One of the technologies that Tissue’s team is investigating is transparent solar cells or ‘smart glass’ for glasshouses. “The idea is that innovative smart glass technologies and films can reduce the heat load inside a glasshouse and so reduce energy costs, while maintaining or improving crop productivity and quality with reduced water and nutrient use and the possibility of renewable energy generation,” says Tissue.

In 2017, with the support of the industry research and development agency Horticulture Innovation Australia (HIA), the Hawkesbury Institute for the Environment commissioned the National Vegetable Protected Cropping Centre (NVPCC) — a huge, 1,700 m2 research glasshouse with eight rooms that can be independently controlled to adjust environmental parameters such as carbon dioxide level and temperature. It also provided an ideal structure for the trial of smart glass technologies.

“We found that while the smart glass reduced energy use inside the glasshouse, it also reduced overall light intensity and some wavelengths of light, including red light which is important for photosynthesis,” says Tissue. “Two plant varieties, eggplants and capsicum, were tested inside the smart glass,” says Dr Chenchen Zhao, a postdoctoral fellow in Tissue’s lab. “The larger fruit, eggplants, had a decreased crop yield, compared to the smaller fruit, capsicum, which were not affected as much in terms of crop yield in the smart glasshouse.”

“The reduction in light led to reduced carbon availability and subsequently reduced crop production, although it also led to lower nutrient and water use,” explains Tissue. “Importantly, we identified the limitations to the current smart glass specifications and have developed some ways to improve it.”

(Left to right) Chelsea Maier, Chenchen Zhou, Yagiz Alagoz, Norbert Klause and Xin He.© Daniel Boud

“The research group is working toward developing a film that will reduce wavelengths of light unnecessary for plant development while allowing full transmission of wavelengths that are,” says Chelsea Maier, the glasshouse’s facility co-ordinator.

Research developed at the NVPCC will inform the research that will be carried out by the newly established Future Food Systems Cooperative Research Centre (CRC) at Western Sydney University in collaboration with the University of New South Wales and other institutions nationwide.
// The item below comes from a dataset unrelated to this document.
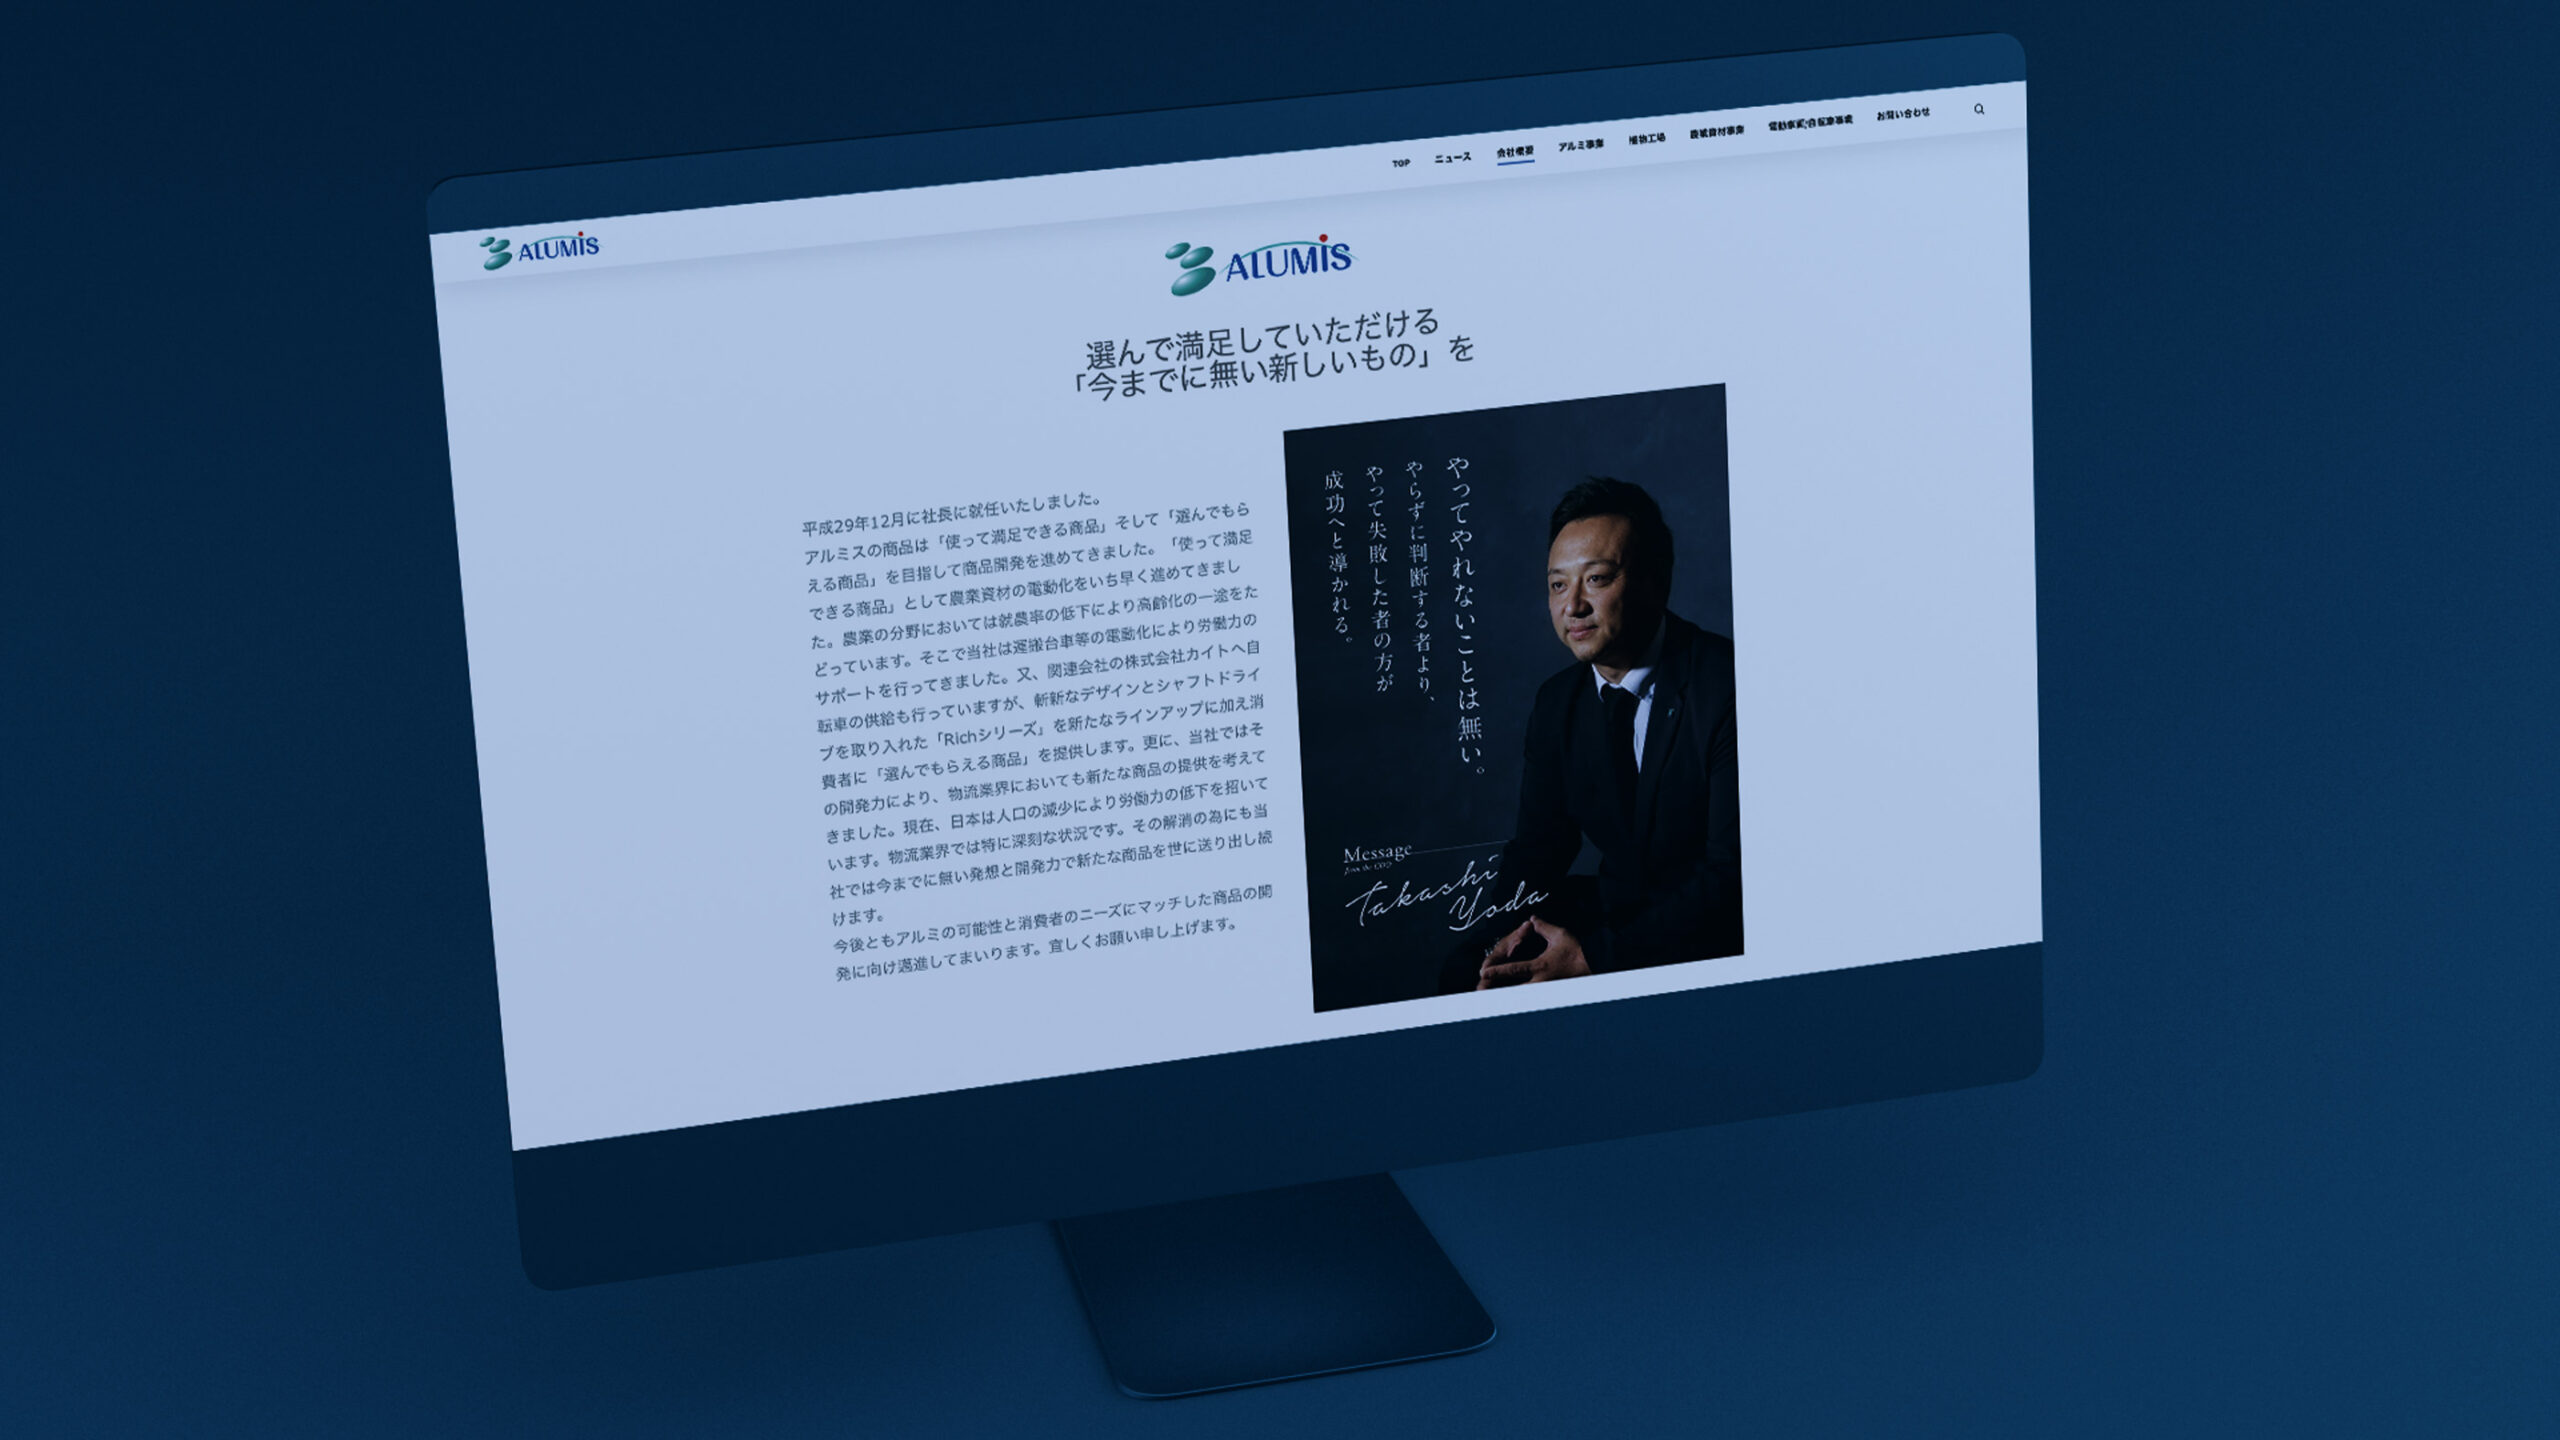 株式会社アルミス佐賀本社の会社概要ページウェブデザインがデスクトップパソコンに表示されているスティルライフグラフィック写真

“Through the substantial support of HIA and, soon, the Future Food Systems CRC, we have been able to address many of our main objectives by involving technicians, PhD students, and post-doctoral researchers in the research, and developing new technical solutions to maximise food production while minimising resource use and costs,” says Tissue. “We plan to expand on our significant progress on the smart glass project through Western’s role in the CRC, where we can further modify the technology to provide even greater benefit to crop production by leveraging greater technical capacity including robotics and hyperspectral cameras.”